Comlux Counts On Quality To Set Itself Apart
The Europe-based group is looking to strengthen its position in both the completions and aircraft management sectors.
Comlux’s interior design team takes a highly personalized and detailed approach to completions projects.

Business aviation services group Comlux has strengthened its management team as it seeks to further differentiate itself from competitors in both the completions and refurbishment and aircraft management sectors. In an interview ahead of this week’s EBACE show, the Zurich, Switzerland-based group’s president and CEO Richard Gaona told AIN that Comlux will not be following the cost-cutting approach apparently favored by some competitors.
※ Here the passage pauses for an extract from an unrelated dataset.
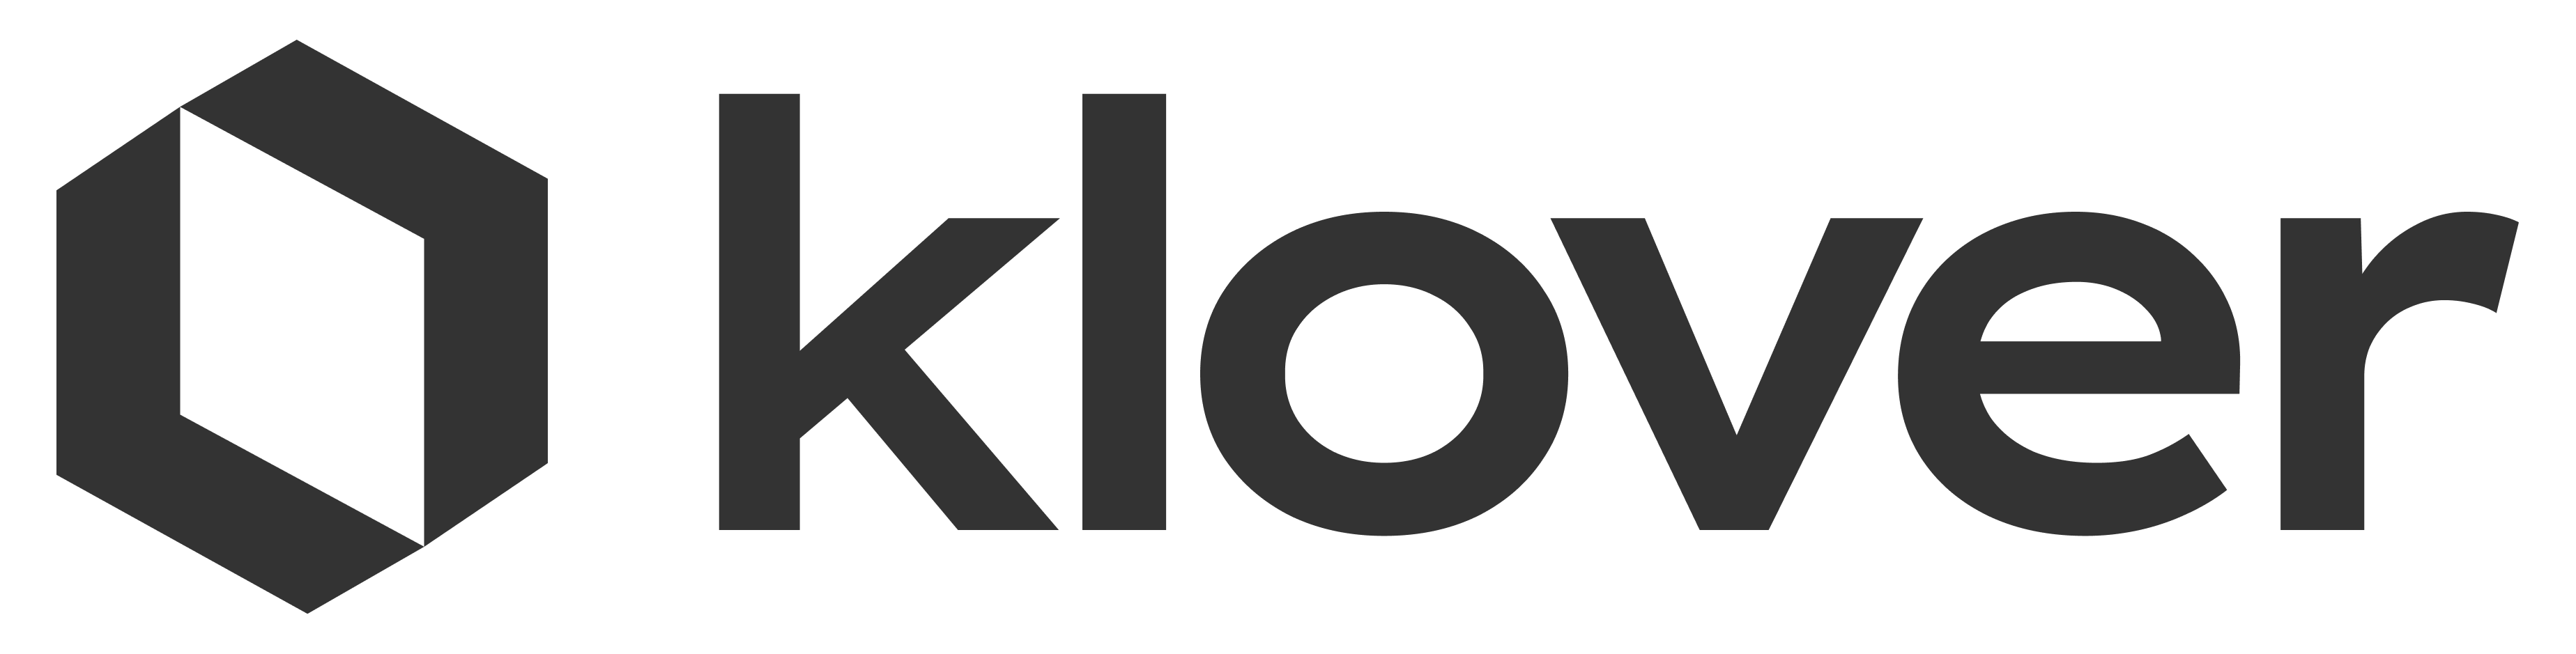 Klover Logo

On July 1, VIP aircraft veteran Arnaud Martin will join the Comlux board as executive vice president. He was formerly vice president of programs with Airbus Corporate Jets and led a team that delivered more than 120 VIP Airbuses, ranging in size from the ACJ318 to the ACJ380. His experience in overseeing cabin-outfitting projects is expected to be a boost to the Comlux America VIP Completion and Services Center in Indianapolis, Indiana.

In March, Jim Soleo was appointed as the new CEO of Comlux America, which also provides maintenance, repair and overhaul services. He has succeeded David Edinger who has been appointed as executive vice president of Comlux Management and is a group board member.

Gaona acknowledged that the market for widebody VIP aircraft completions has tightened with the reduced volume of new deliveries for both the ACJ and Boeing Business Jets families. He predicted that one or more completions houses might exit the business, leaving a more sustainable base of demand for those surviving.

Comlux was hopeful of securing at least one more ACJ or BBJ completion contract in the build up to this year’s show. It is also pursuing completions projects for an A340, with Airbus now eager to market VIP use for the four-engine widebody. Another new line of business now being pursued more keenly is the chance to refurbish the cabins of the aging ACJ and BBJ fleets that are now approaching heavy maintenance checks. Increasingly, Comlux is expanding its portfolio to include work on a range of Bombardier, Gulfstream and Dassault jets.

Commenting on the recent move by Airbus to introduce a simplified array of completions packages for customers under its new Elegance program, Gaona predicted that the VIP market will not react well to what he characterized as a low-cost option. “Comlux doesn’t want to do this,” he told AIN. “We have never seen a VIP customer buying something based on standard options. There are probably only three or four hundred people in the world who can buy this type of aircraft and they just don’t think like that. For instance, clients in the Middle East don’t want to be told they have to have the bedroom at the rear of the aircraft. We want to focus on our tailor-made solutions and on innovations.”

Comlux America’s engineering department has developed, manufactured, certified and integrated a lighter air-conditioning system. The new equipment is both quieter and lighter than existing systems.

Here at the EBACE show, the Comlux Creatives cabin design division is introducing its new Five Senses Concept for developing custom-made interiors. The five elements for this approach are definition, concept, material, detail and completion, with the aim being to more fully understand exactly what each customer wants in their aircraft.

“It starts first with the discovery phase ‘hear’ when we listen to our clients ideas, needs and desires,” explained Lauri Church, head of Comlux Creatives. “This crucial information then feeds the concept phase where our designers convert our client’s taste into an aircraft styling.”

The next steps are to carefully select the materials to use for the interior and then move into the detailed phase of the design to allow everyone to clearly visualize what will be delivered. Once this is settled, the completion work itself begins.